Limited liability partnerships are basically a structure for business where it is intended that all the members shall be involved in the work. I believe that the Bill needs a formal provision to cover a situation where one member becomes permanently incapacitated or is guilty of serious misconduct in the management of the business. In substantial LLPs, undoubtedly the members' agreement will cover that kind of situation. However, there is a need for a default power to cover small LLPs where a formal agreement and proper advice on the terms which ought to go into a formal agreement are much less likely to be in place. It is essential to provide something of that kind for a body where all the members are normally working members.
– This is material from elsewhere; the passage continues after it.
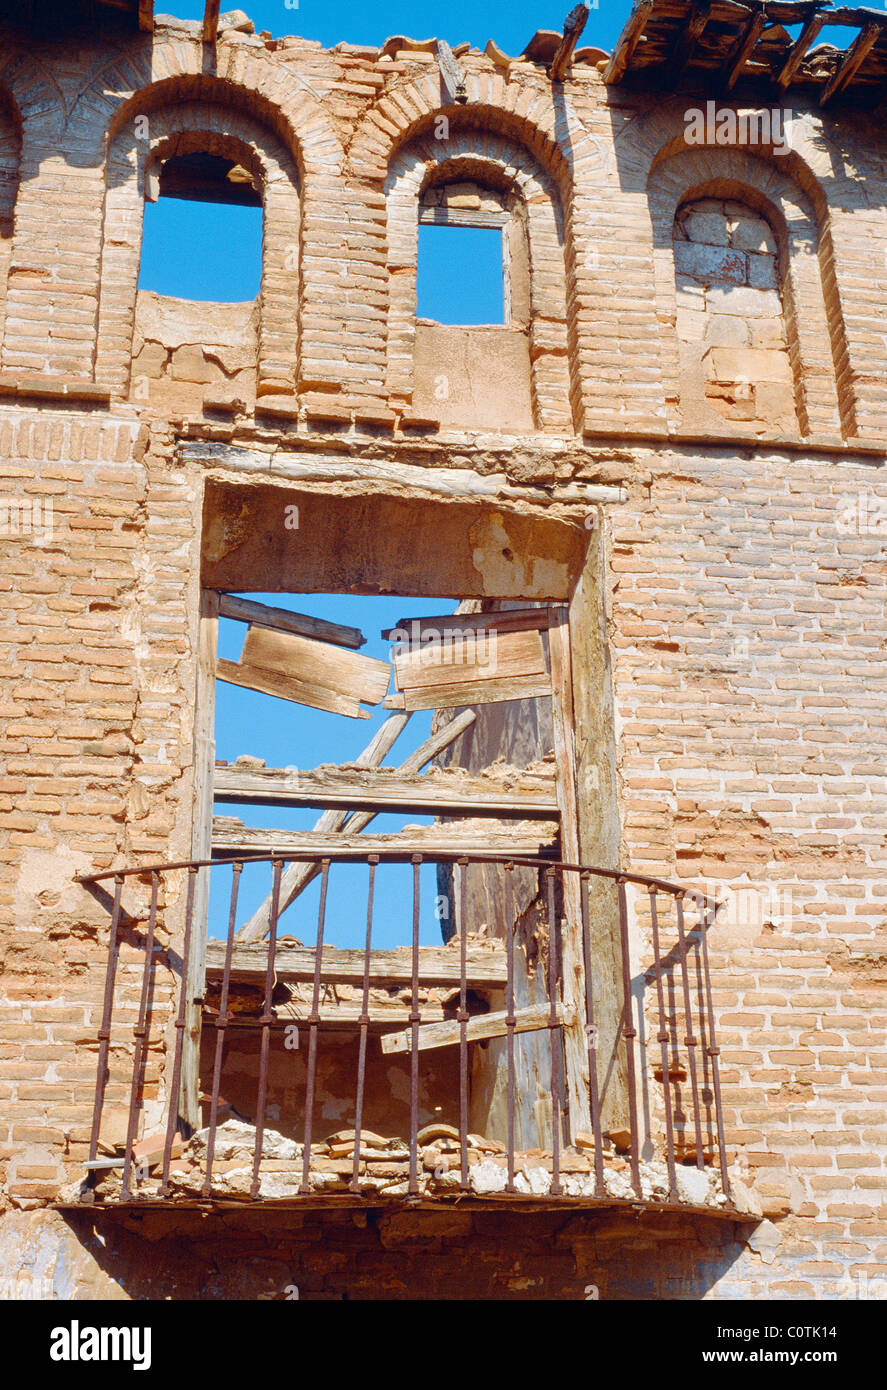 Detail of ruins. Belchite, Zaragoza province, Aragón, Spain. Stock Photo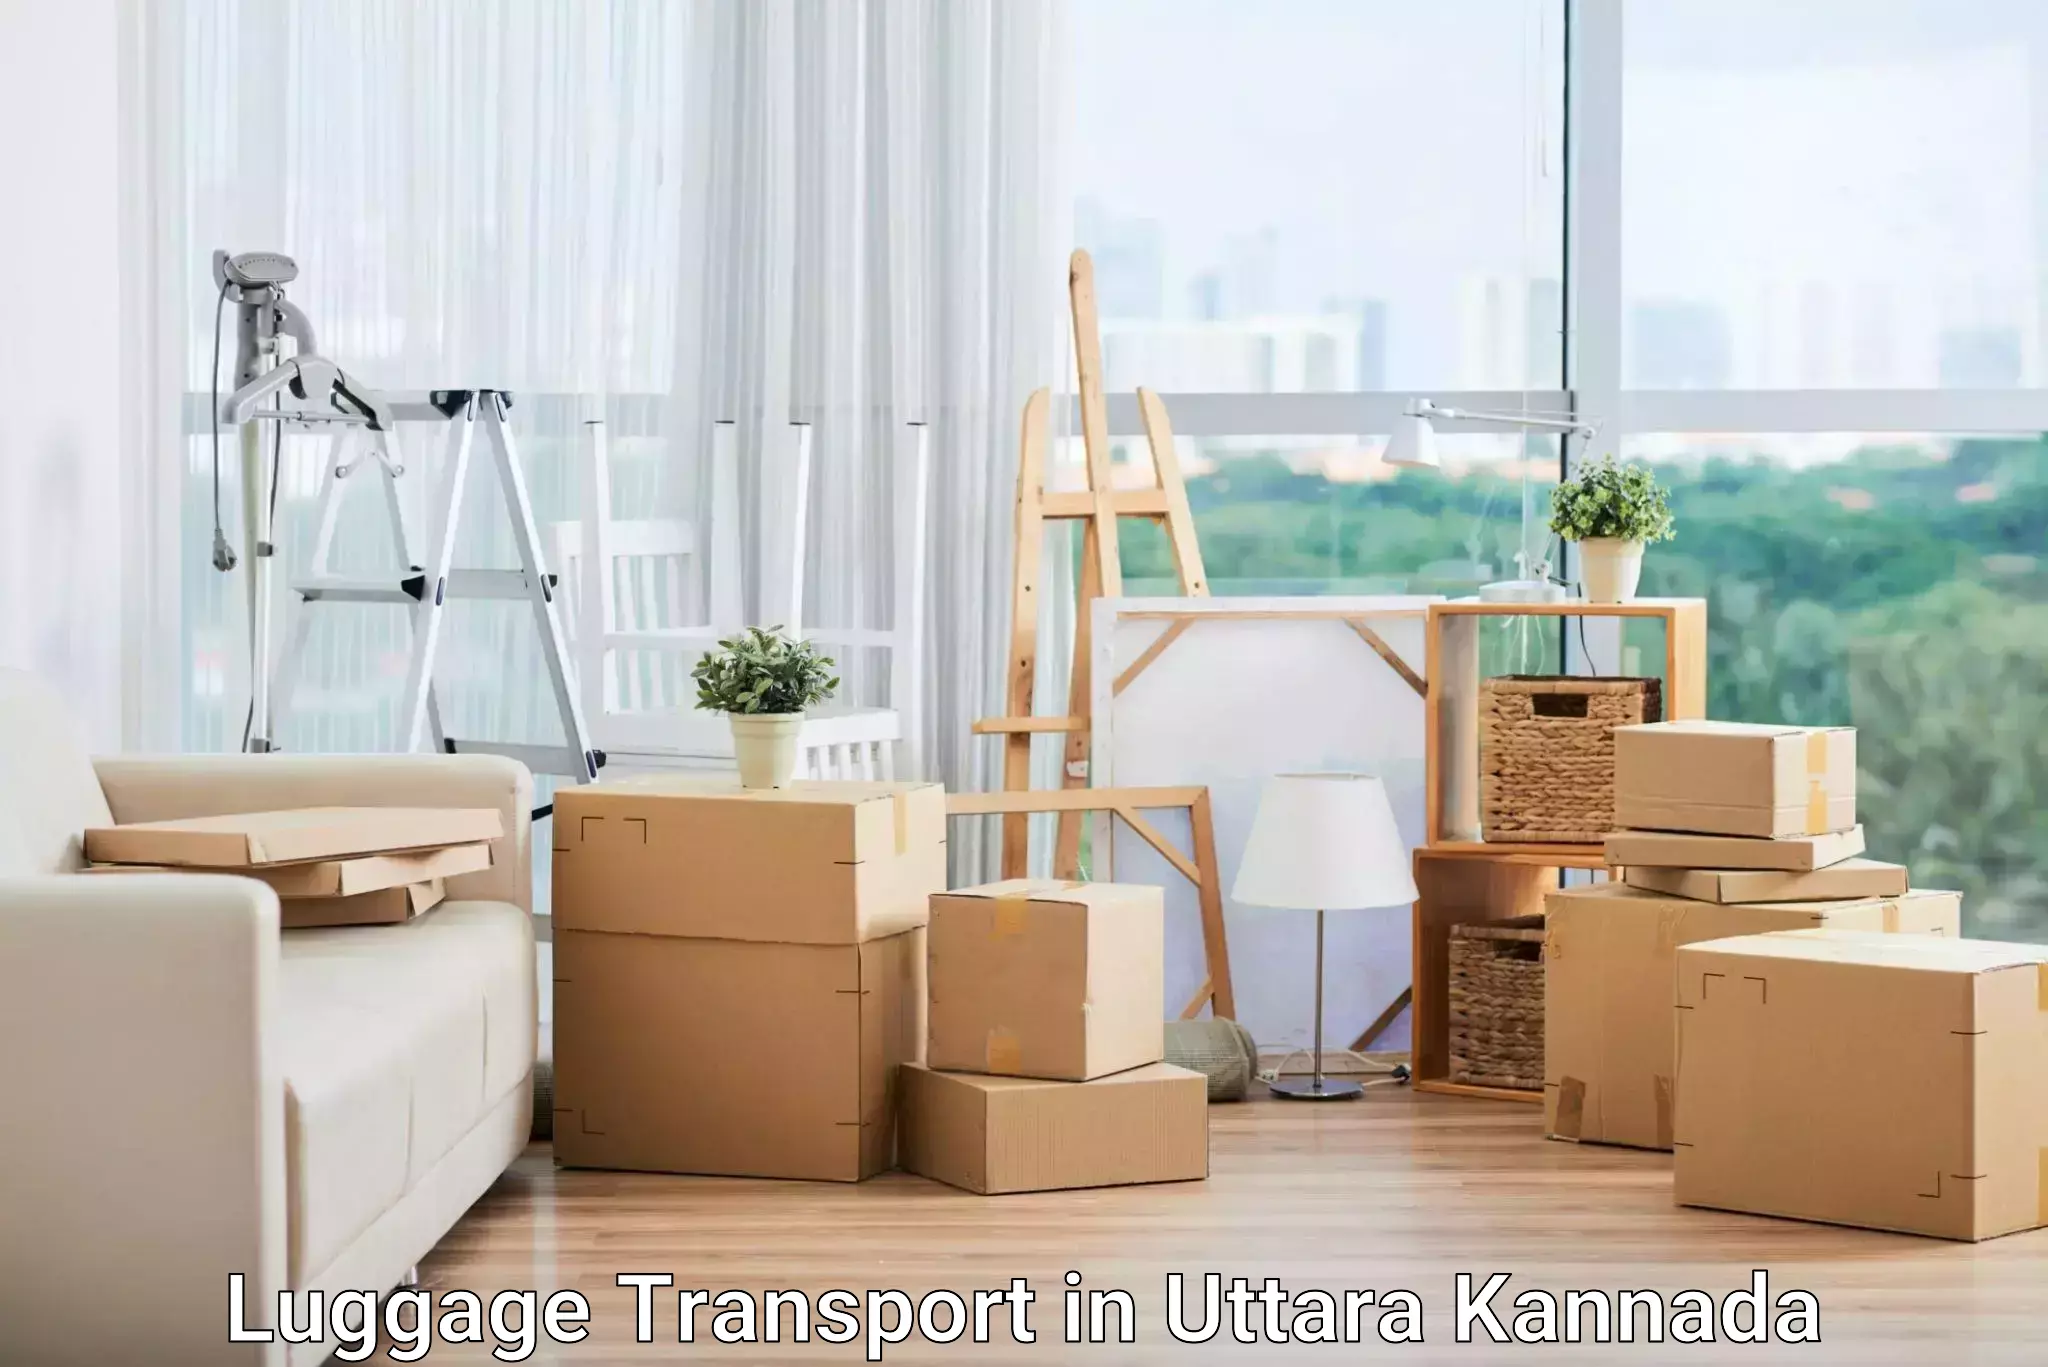 Luggage delivery system in Uttara Kannada

The consultation paper considers, although without much enthusiasm, the possibility of introducing into LLPs something along the lines of Section 459 of the Companies Act 1985 which gives a minority shareholder the power to go to the court for various remedies, including the compulsory buy-out of his or her own shares if the business is being carried on in a manner unfairly prejudicial to him or her. I hope that the consultation will come to the conclusion that something of that kind is needed in the case of LLPs because I believe that it is required, although possibly in a simplified form. That would avoid the problems of time and cost that have been thrown up by Section 459. However, I believe that we also need something along the lines of Section 35 of the Partnership Act--not in an identical form because here I believe that we are less likely to be looking at dissolution than the continuation of the LLP on the basis of buying out a member who is incapacitated.

I believe that something of this kind should be included, as well as an extension of Section 459. Although in general I find the Government's position much more acceptable than it was previously, I hope that they will now be able to consider taking action along these lines. I beg to move.